Former abortion clinic owner Eric Harrah

“My 23rd abortion changed my mind about doing abortions forever. This patient was a little overweight and ultimately proved to be a little farther along than anticipated. This was not an uncommon mistake before ultrasound was readily available to confirm the gestational age. Initially, the abortion proceeded normally. The water broke, but then nothing more would come out. When I withdrew the curette, I saw that it was plugged up with the leg of the baby which had been torn off. I then changed techniques and used ring forceps to dismember the 13 or 14week size baby. Inside the remains of the rib cage I found a tiny, beating heart. I was finally able to remove the head and looked squarely into the face of a human being -a human being that I had just killed.”

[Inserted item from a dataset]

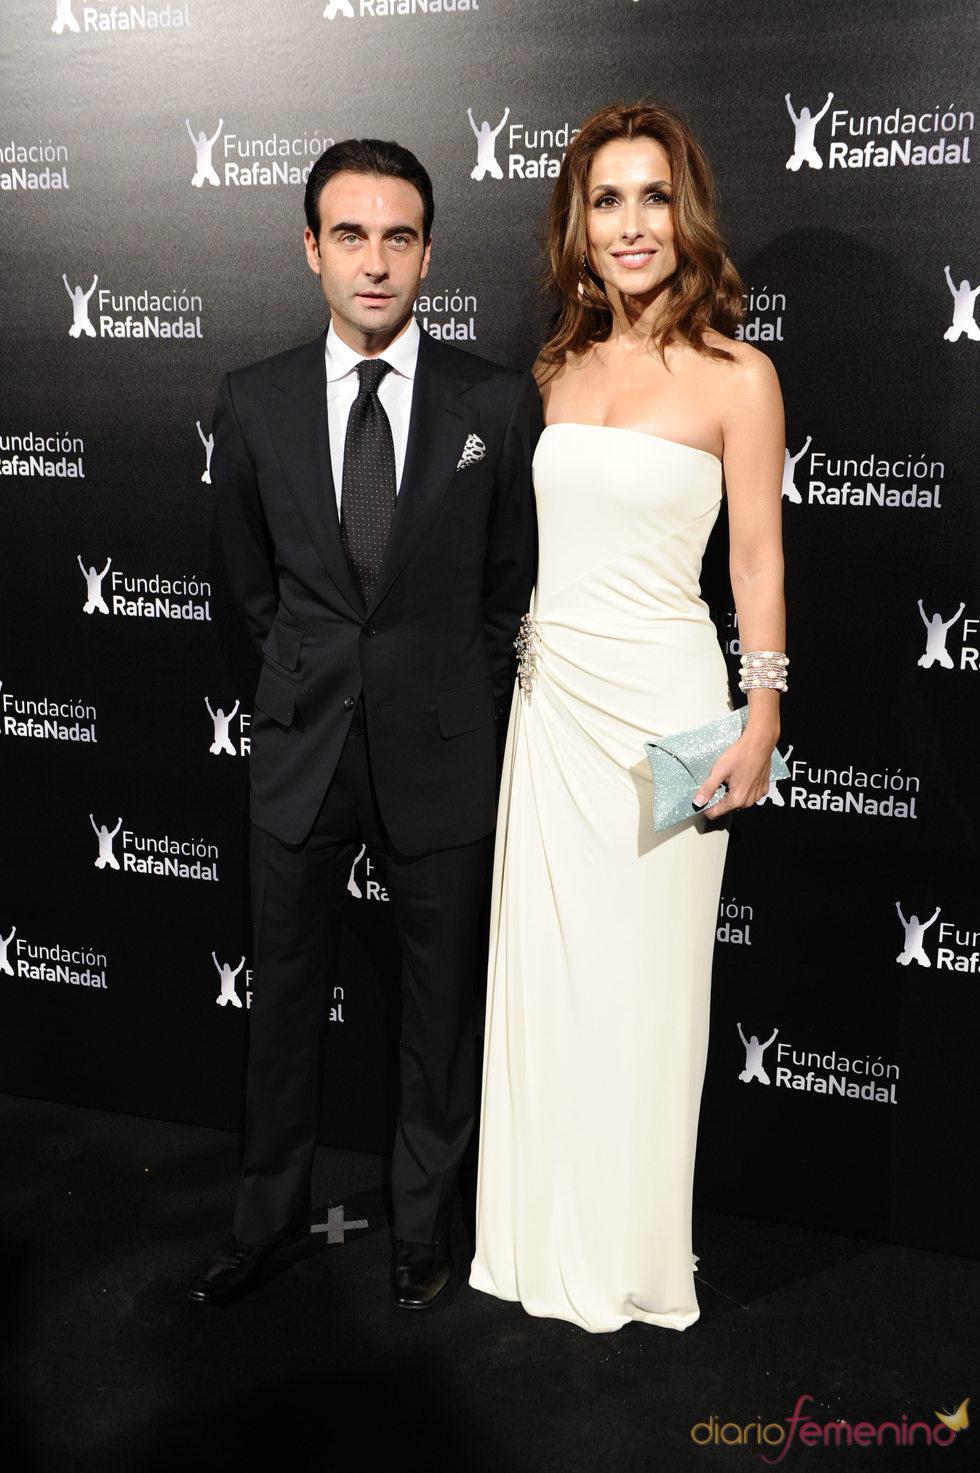 Enrique Ponce y Paloma Cuevas con la Fundación Rafa Nadal

Dr. Paul Jarrett From Norma McCorvey's book Won By Love:

“At least 80 percent of the women would try to look down at the end of the table, wondering if they cold see anything which is why our doctor always went in with the scalpel first. Once the baby was already cut up, there was nothing but blood and torn up tissue for the woman to see. When a later abortion was performed, workers had to piece the baby back together, and every major part--head, torso, two legs, and two arms --had to be accounted for. One of our little jokes at the clinic was, "If you ever want to humble a doctor, hide a leg so he thinks he has to go back in." Please understand, these were not abnormal, uncaring women working with me at the clinic. We were just involved in a bloody, dehumanizing business, all of us for our own reasons. Whether we were justifying our past advocacy (as I was), justifying a previous abortion (as many were) or whatever, we were just trying to cope--and if we couldn't laugh at what was going on, I think our minds would have snapped. It's not an easy thing trying to confuse a conscience that will not stay dead.”

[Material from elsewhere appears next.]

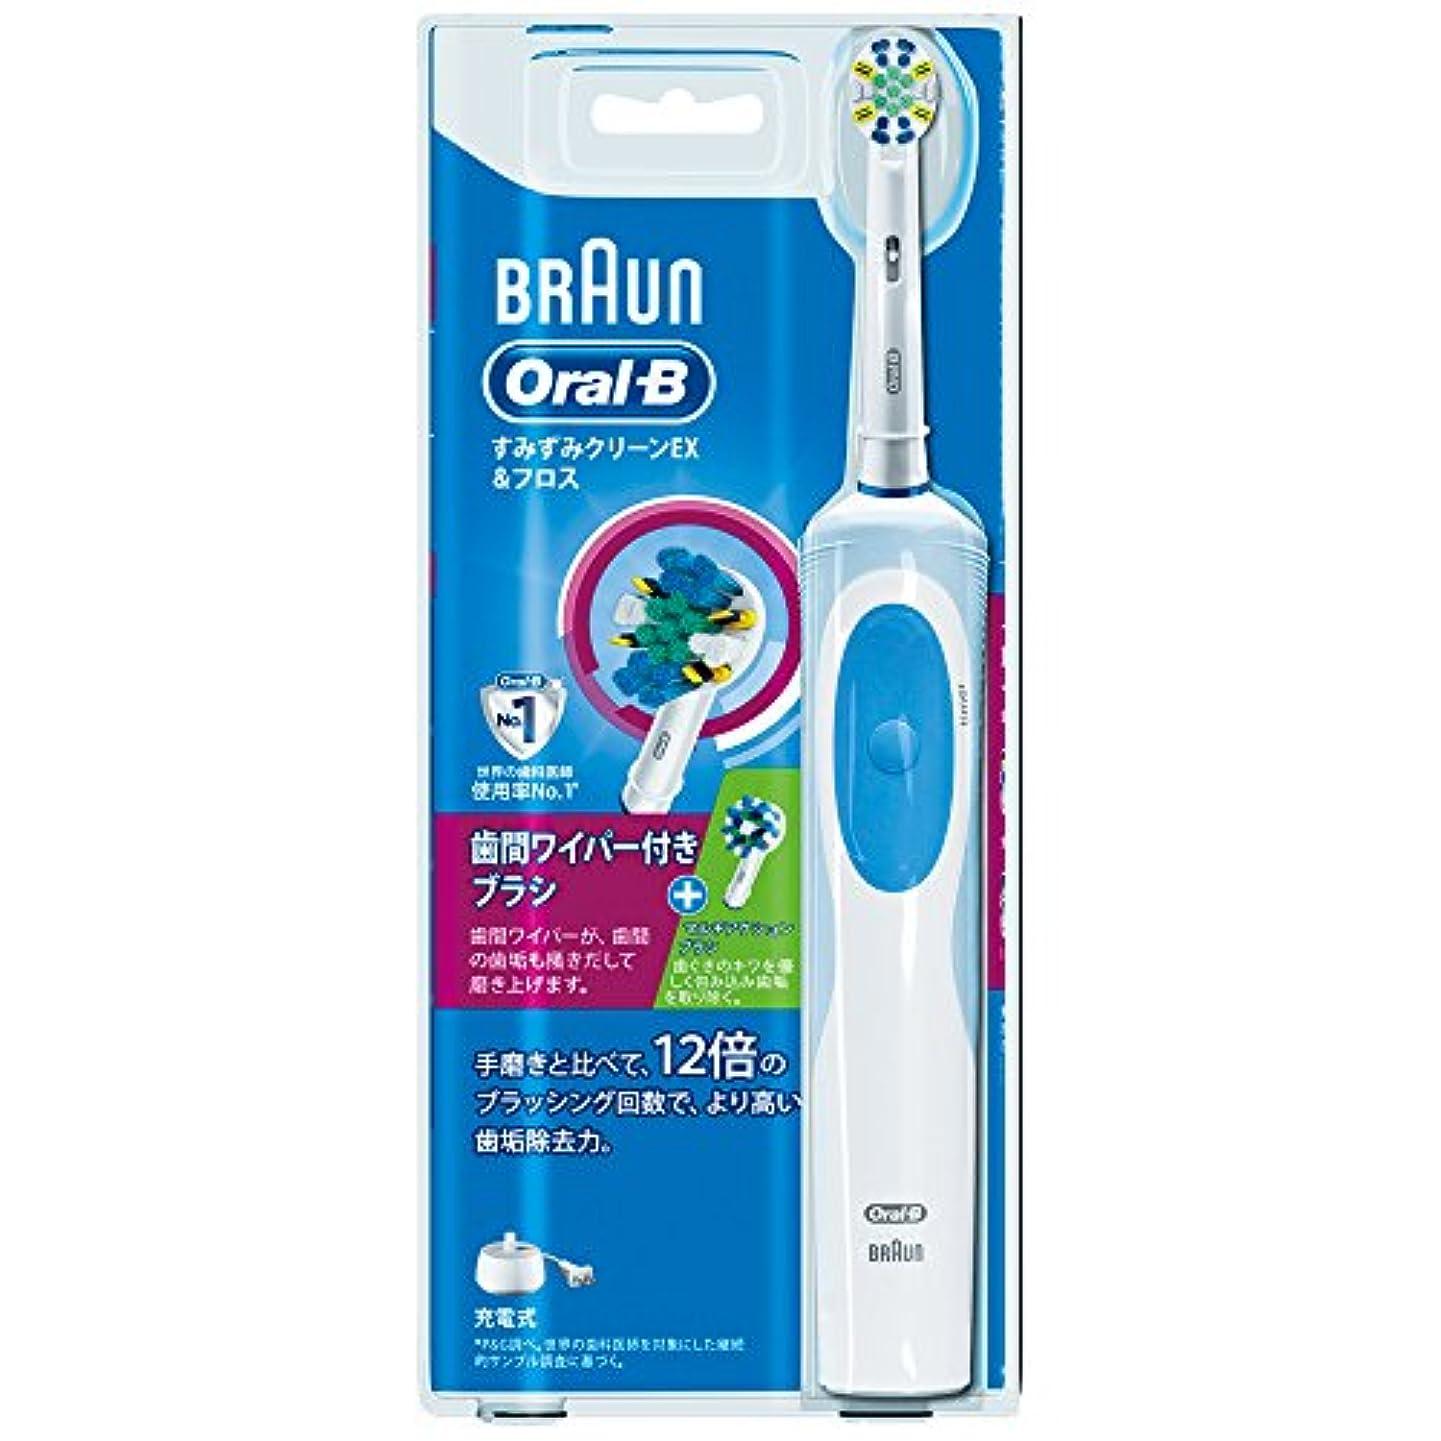 分散付録ビジターブラウン オーラルB 電動歯ブラシ すみずみクリーンEX&フロス (D12023AF)

Hearing on H.R. 4292, the "Born Alive Infant Protection Act of 2000" Testimony of Jill L. Stanek, RN:

"I am walking out the back door, and I see a plastic jar of tissue and blood waiting to be sent to the path lab, and in the plastic jar a tiny perfect white hand. . . That flat palm reaching up through a wine-red wash of blood. Why does that stay with me?” –Abortion worker

“When I first started out nursing in the late 70's I was working for the Ob/Gyn physicians in this hospital. My duties were not only to care for those that were in for abortions, I also cared for the older folks having hysterectomies and so forth. I didn't have a personal opinion on abortion until I saw how many were done and for a multitude of ridiculous reasons. Not to mention the actual procedure itself and the "aftermath". It wasn't until a few years afterwards that I started to feel this wasn't right. That is when I transferred to a different department and hospital completely. Plus you must understand, I worked for a hospital smack dab in the middle of NYC, I got to know some of the girls getting these abortions on a first name basis, since they had them so often. That really got under my skin, seeing these girls using it as a birth control measure. And why shouldn't they? The state paid for it anyway! Just not right!”

Quoted from the woman.com message board.